One option for the retiree is to reduce "normal" spending in order to purchase LTC insurance. In that case, LTC premiums can be considered non-discretionary spending and included in the portion of the spending plan that covers those expenses (the floor).
The downside of this approach, in my opinion, is that the LTC insurance industry is still trying to figure out its risks. Some carriers have stopped offering the insurance and some have dramatically raised premiums. Retirees who can't pay for premium increases may have to let their policies lapse and premiums they previously paid will have been paid for naught. They might find acceptable ways to decrease their coverage to make the new cost affordable.
An upside of LTC insurance is that it can pay expenses far greater than most retirees can pay from savings.
Saving is another approach some retirees consider in anticipation of experiencing LTC costs. This is a difficult proposition, akin to saving to replace a destroyed house instead of purchasing homeowners insurance. The LTC costs may present themselves long before the retiree has saved enough to cover them. If the amount to be saved annually is roughly the same as insurance premiums, the latter would better cover large expenses. It will be nearly impossible for most retirees to save enough to cover the top 16% of expenses in the chart above.
Another benefit of LTC insurance is that it will pay those expenses the day after you buy it, while saving for the expense assumes that you will have time to save. Exacerbating this problem of inadequate time to save is the fact that younger LTC patients tend to have longer and more expensive nursing home stays. One study showed that for every year of age when entering a nursing home after age 85, the average length of stay declines about 35 days, and with it the cost. Your potential LTC expenses are greatest when your savings will be smallest.
If you're going to try the savings approach, I'd recommend a separate portfolio for LTC liabilities, for reasons I explained in The Thing That's Missing.
Be aware that you might reduce your retirement spending in order to save for LTC expenses and never incur catastrophic expenses. Conversely, you might reduce retirement spending and save a large but inadequate amount of money to pay for long term care. If it's inadequate and you eventually rely on Medicaid, you will be forced to spend that savings on your care before Medicaid will begin to cover costs, in which case you would have been better off spending that money throughout retirement.
Another alternative is to buy a longevity annuity that begins paying at age 80 to 85. Forbes magazine's William Baldwin believes this approach is better than LTC insurance in three ways. First, with the annuity, you can spend the money any way you want, not just for LTC-covered expenses. Second, annuity providers can't change the terms after you buy a policy, like LTC insurers can and do. And thirdly, you won't have to prove to an annuity provider that you're owed the payments.

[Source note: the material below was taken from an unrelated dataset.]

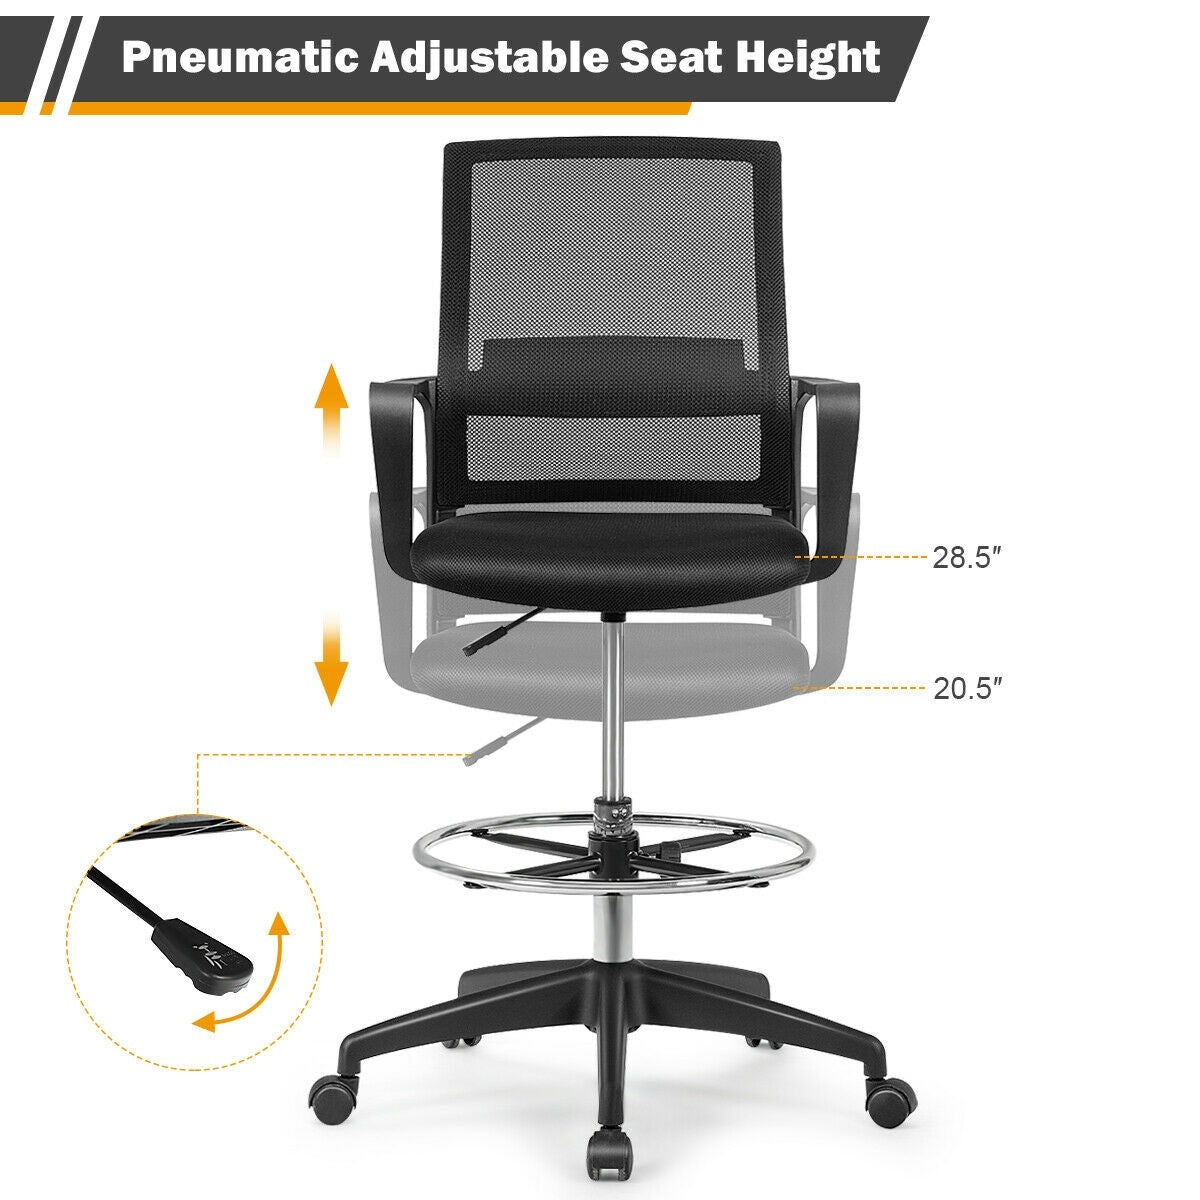 Mesh Drafting Chair, Tall Office Chair with Adjustable Foot Ring for Standing Desk

On the other hand, you wouldn't be covered if your LTC expenses occurred before you're in your eighties. Since a third of LTC patients need this care even before age 65, there is a good chance that you will need the money before a longevity annuity would pay.
Most retirees won't be able to afford long term care insurance as it is currently structured. If you can afford the premiums, you need to understand that you have two quite different goals, which most people will value differently, competing for your resources, maximizing annual spending and protecting end-of-life wealth. The challenge is deciding how much of your assets you wish to dedicate to each goal.

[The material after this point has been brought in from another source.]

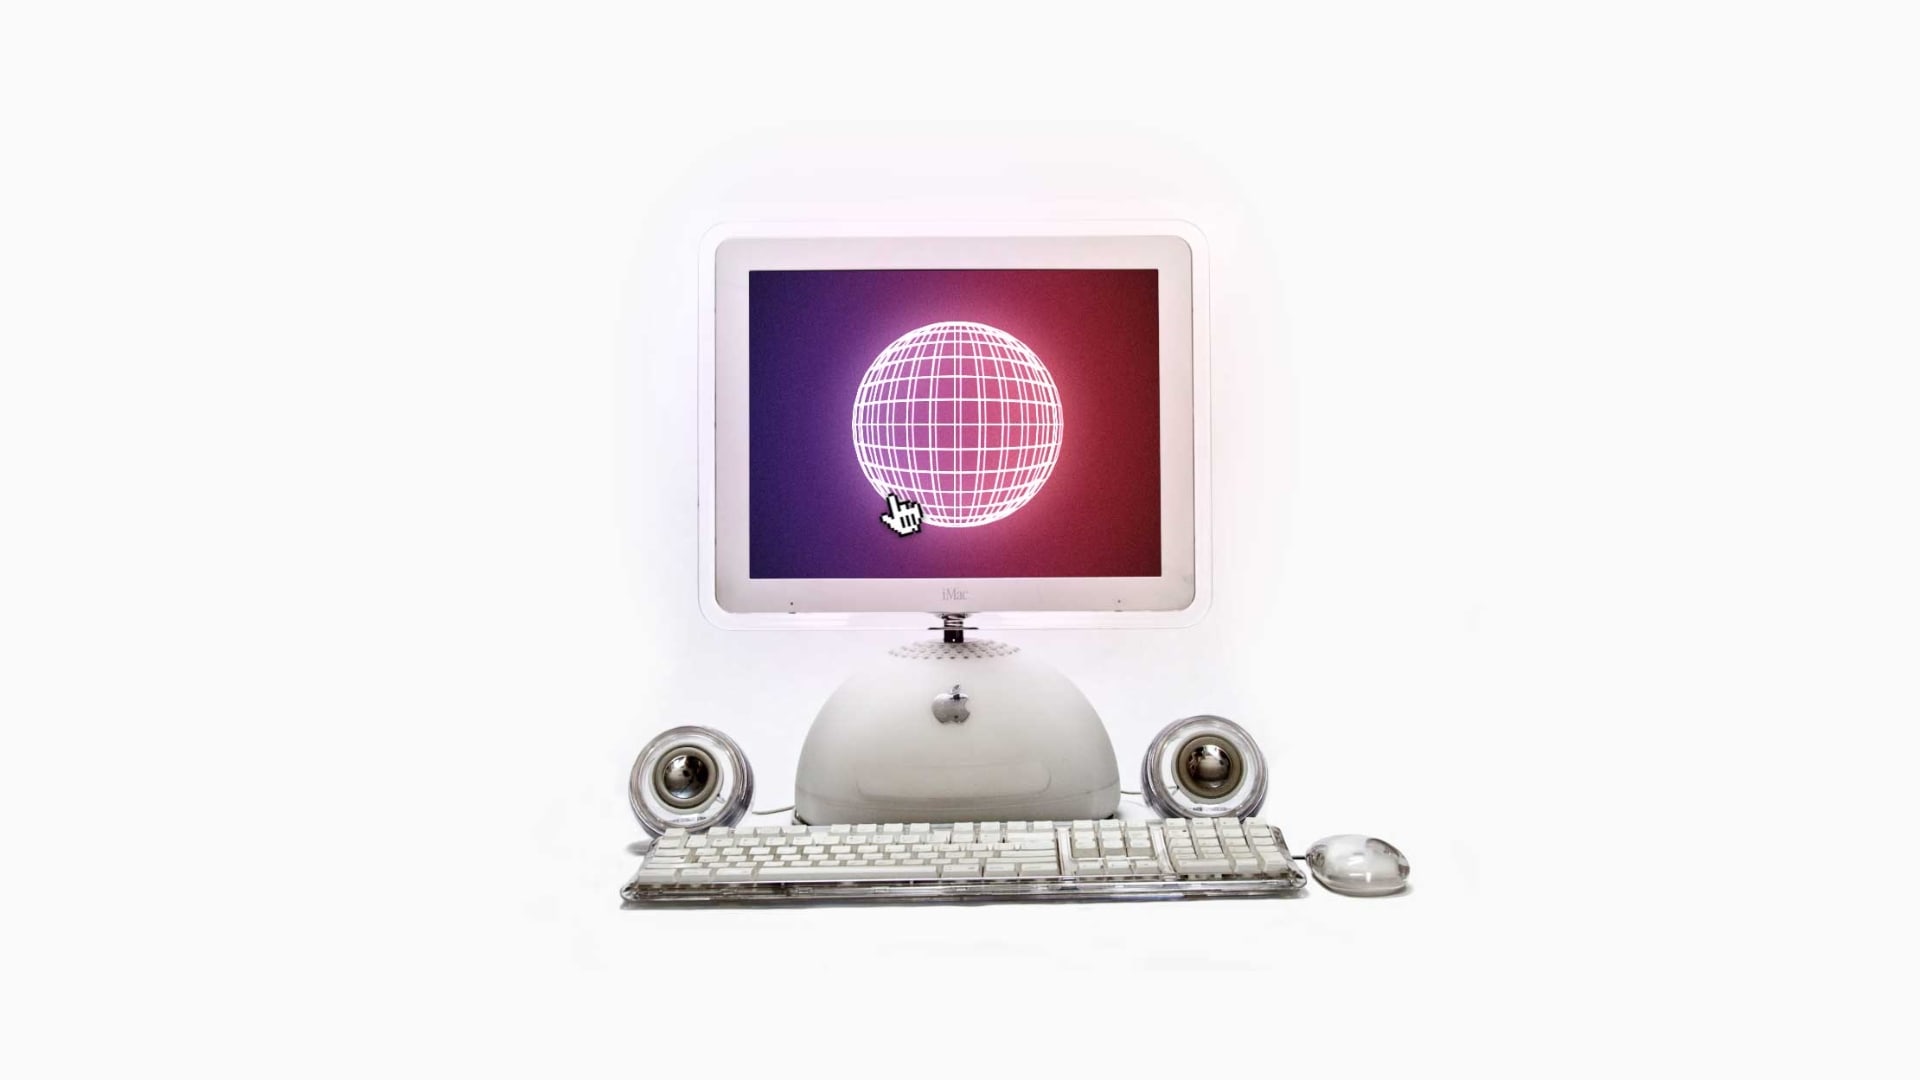 White iMac G4 with a colorful illustration of a globe in it

To tie this back to retirement income strategies, any strategy except Life Annuities would probably have some funds left in the spending portfolio to help pay long term care expenses. Which of the other strategies would do this best depends on future market returns and interest rates, which is to say it's unpredictable.
I wish I had a happier solution to long term care risk, but unless and until LTC insurance becomes much more affordable, I don't think there is one.